The multi-level dance club has hosted drag acts and competitions ("So You Think You Can Drag?"), including Miss Gay Heart of America and performances by RuPaul's Drag Race contestants Alaska Thunderfuck, Asia O'Hara, BenDeLaCreme, Bianca Del Rio, Sasha Velour, Shangela, and Yuhua Hamasaki, among others. Local drag queen Nina West hosts the show "Heels of Horror" annually, as well as drag competitions.

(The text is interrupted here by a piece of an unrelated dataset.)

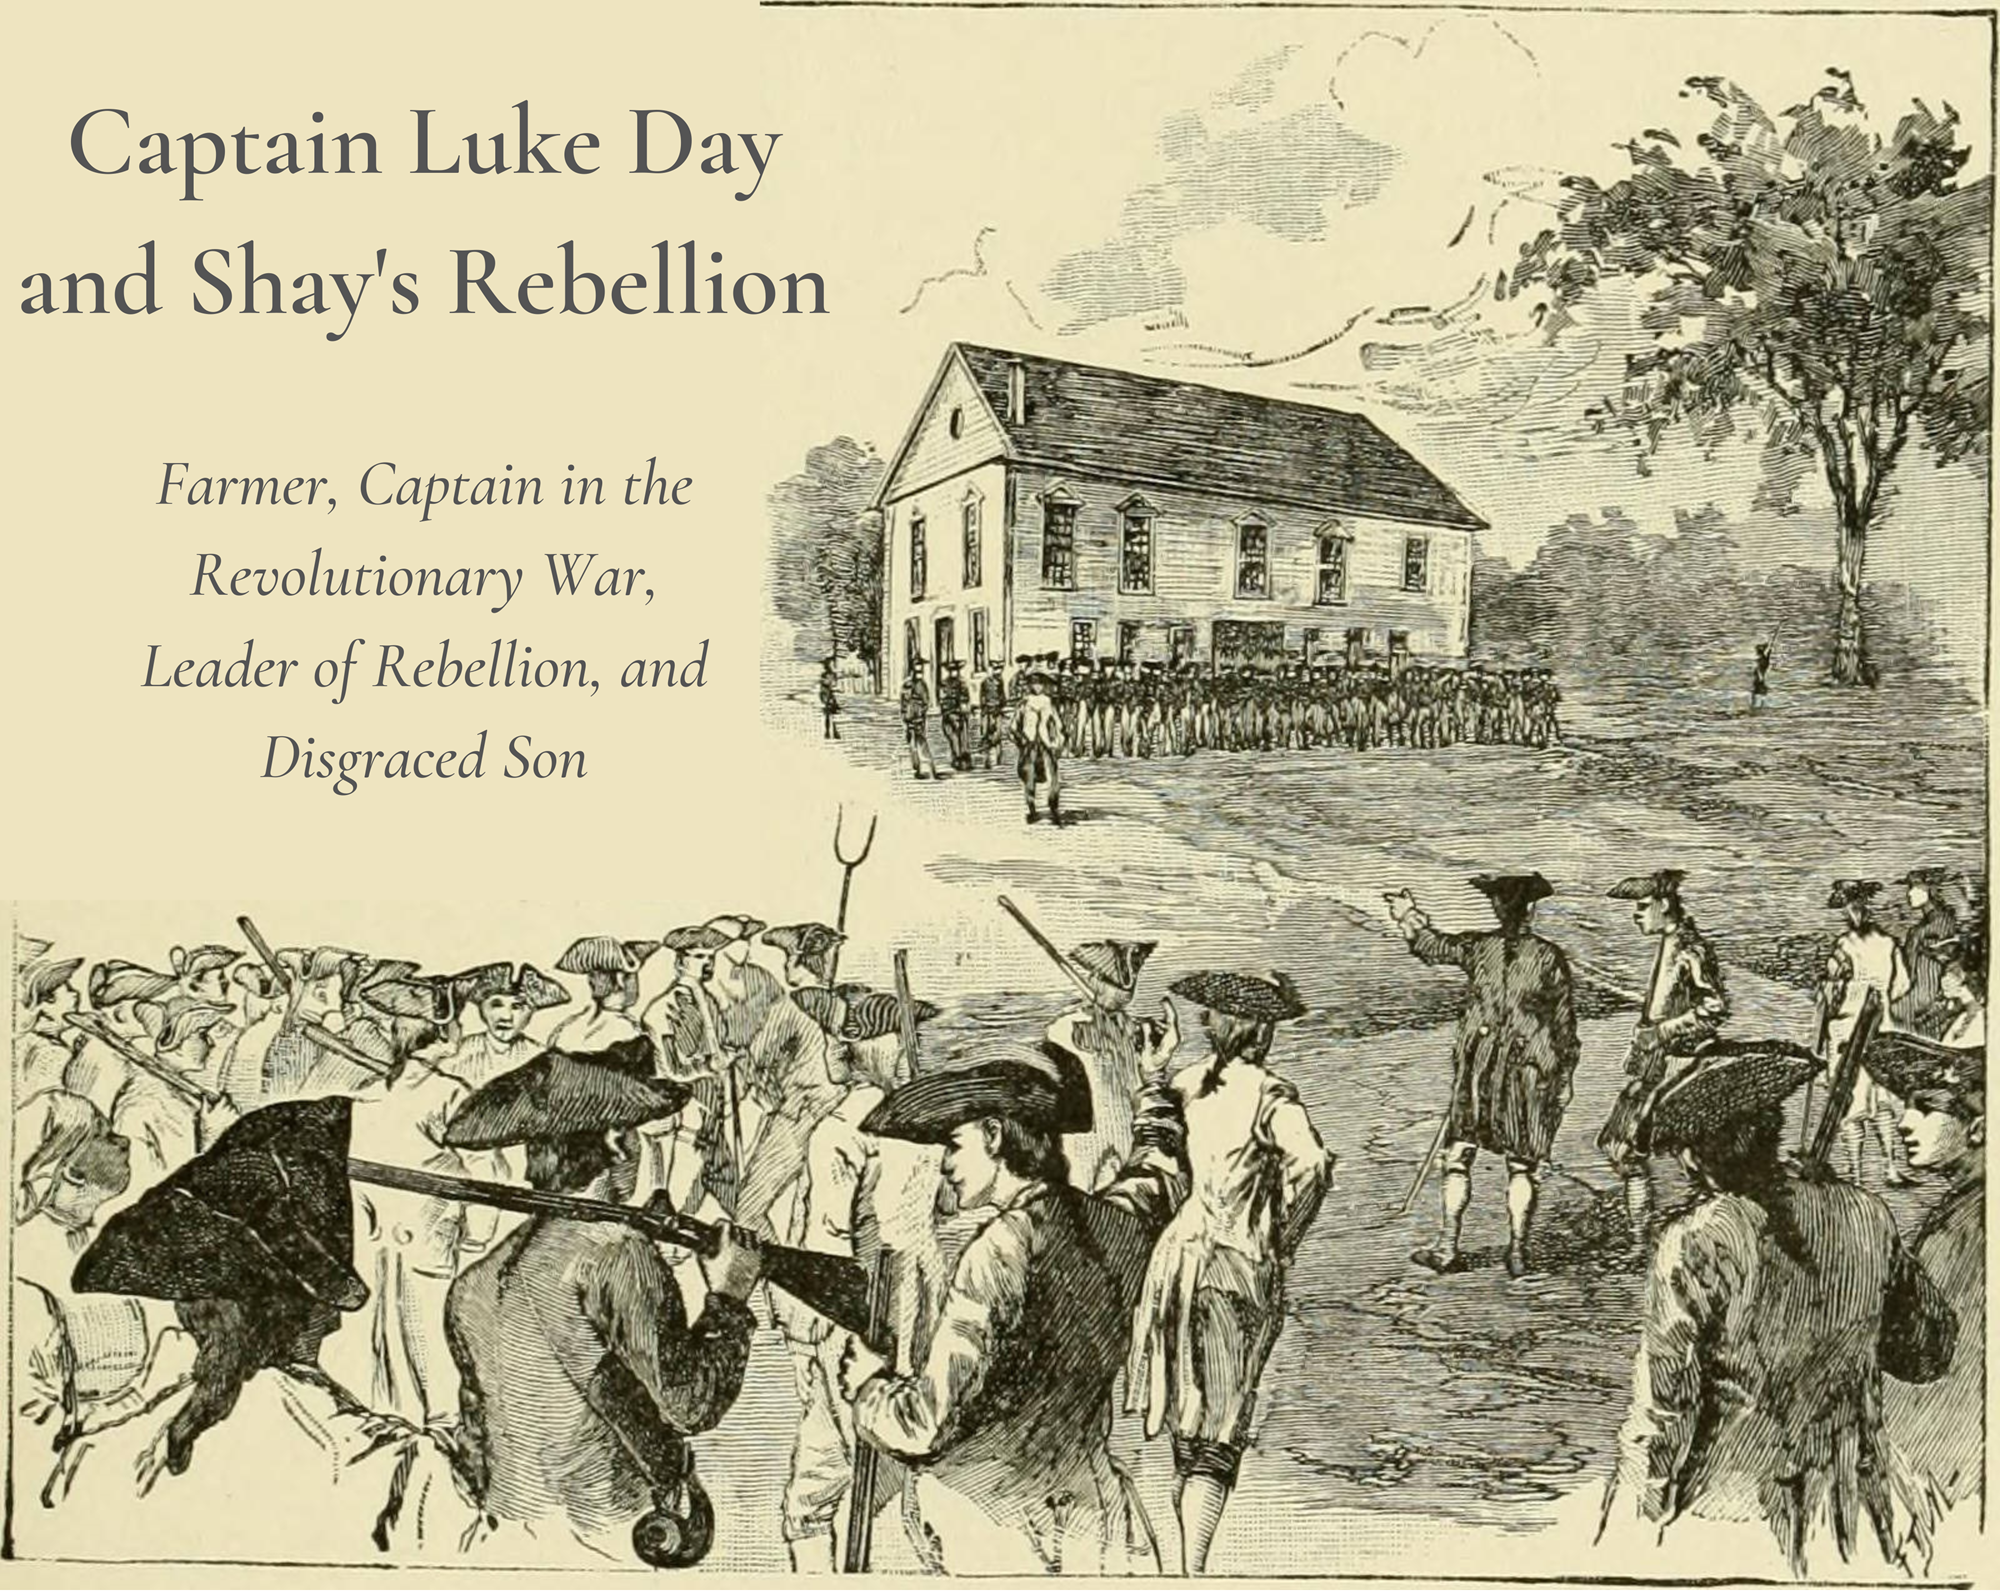 Shay's Rebellion

Rajesh Lahoti is an owner of the bar.

Axis has been described at Columbus' most popular gay bar. In 2001, the bar's general manager estimated that 20 to 25 percent of clientele were Ohio State University students. In 2014, Axis' fifth annual "Night of 100 Drag Queens" reportedly broke the record for the largest drag show, with 55 participants, who performed to "It's Raining Men". Also in 2014, Axis hosted the inaugural Shooting Star Awards, and won the award for Best Nightclub. The nightclub hosted Miss Gay USofA at Large in 2016.

==Reception==
Shawnie Kelley, author of Insiders' Guide to Columbus, Ohio (2003), said the bar "is becoming a staple of Columbus nightlife for gay and straight, men and women alike".